Kohl’s, a well-known retail giant, experienced a significant setback in its fiscal first quarter with shares plummeting more than 20% in premarket trading. The company reported a surprising loss per share of 24 cents, far below Wall Street’s expectations of a of 4 cents. In addition, for the quarter stood at $3.18 billion, falling short of the anticipated $3.34 billion.

The repercussions of Kohl’s poor performance were evident in the numbers, as the company reported a net loss of $27 million, or 24 cents per share. This marked a stark contrast to the year-ago profit of $14 million, translating to 13 cents per share. Furthermore, net declined by 5.3% to $3.18 billion compared to the previous year, with comparable sales down by 4.4%.

In response to the disappointing results, Kohl’s revised its 2024 guidance, projecting a decline in full-year net sales between 2% and 4%. This announcement came as a surprise to Wall Street analysts, who had been anticipating a 0.2% gain in sales for the same period. The company also adjusted its full-year diluted per share outlook to fall within the range of $1.25 to $1.85, a significant decrease from the expected $2.34 per share.

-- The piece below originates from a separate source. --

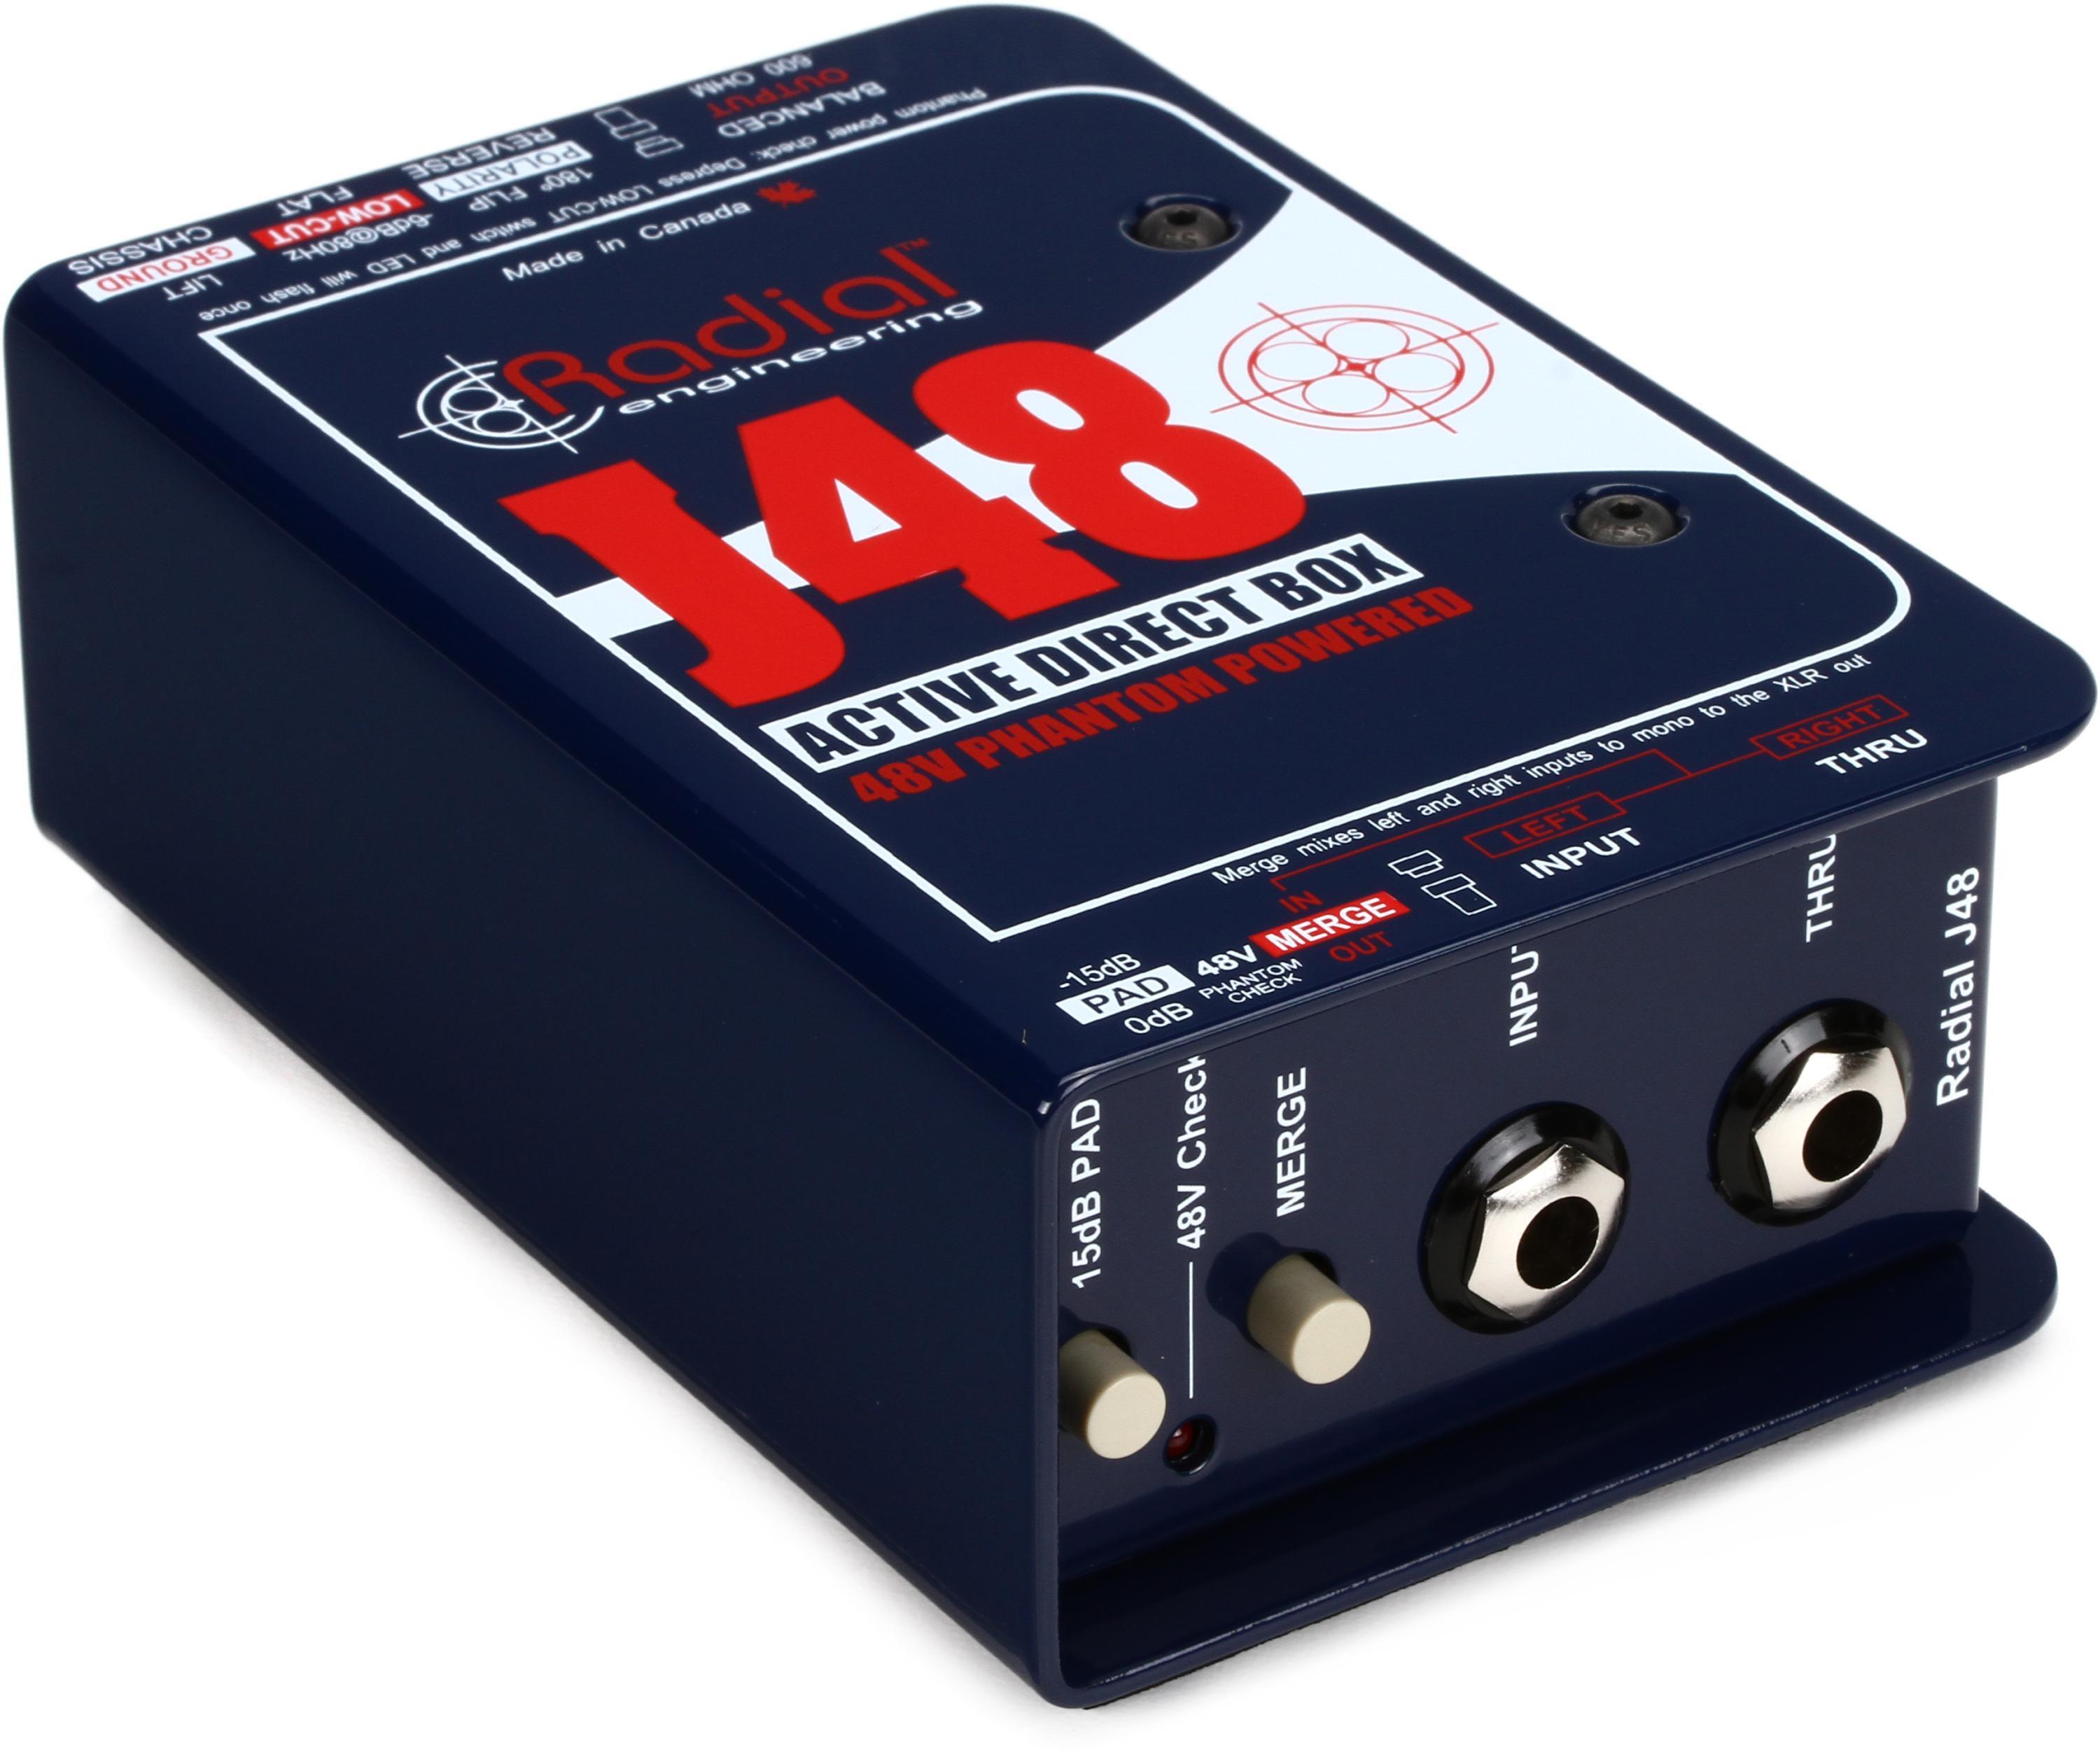 Radial J48 1-channel Active 48v Direct Box | Sweetwater
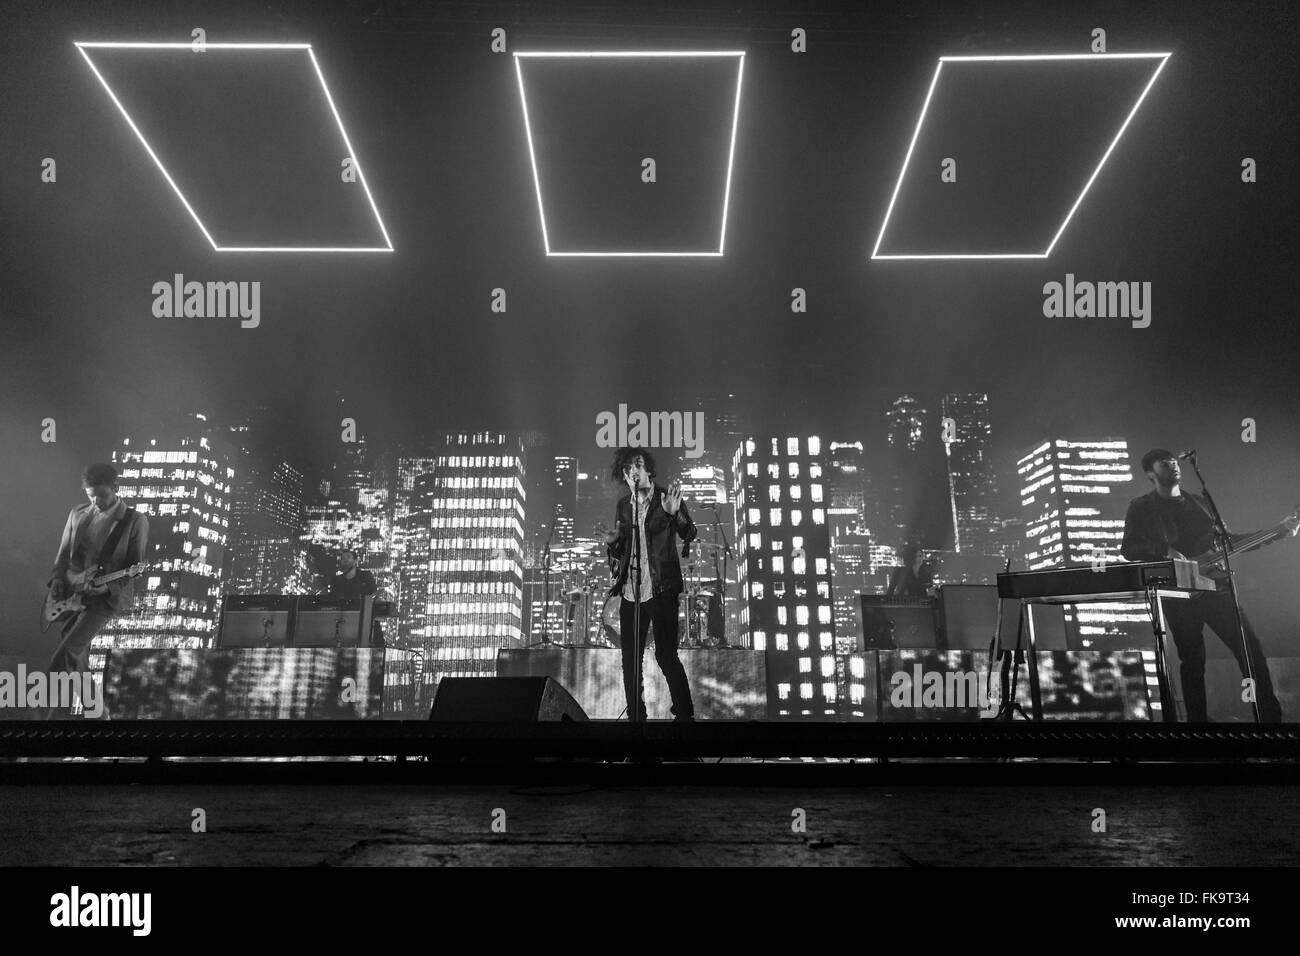 London, UK, 7th March 2016. The 1975 Live Performance at o2 Brixton Academy. © Robert Stainforth/Alamy Live News Stock Photo

CEO Tom Kingsbury acknowledged the challenges faced by Kohl’s, stating, “We recognize we have more work to do in areas of our .” He highlighted positive in the women’s category and the continued growth of the retailer’s Sephora shop-in-shop partnership. Kingsbury expressed confidence in the company’s key growth initiatives, such as Sephora, , gifting, impulse, and the upcoming partnership with Babies ‘R’ Us, believing that they will contribute more meaningfully in the future.

Kohl’s dismal fiscal first-quarter performance serves as a cautionary tale for retailers in the current economic landscape. The unexpected losses in revenue, net loss, and sales decline underscore the challenges faced by the company. Despite the setbacks, Kohl’s remains optimistic about its growth initiatives and is committed to navigating the uncertain consumer environment. Investors and analysts will be closely monitoring the company’s progress in the coming quarters to assess its ability to rebound from this setback.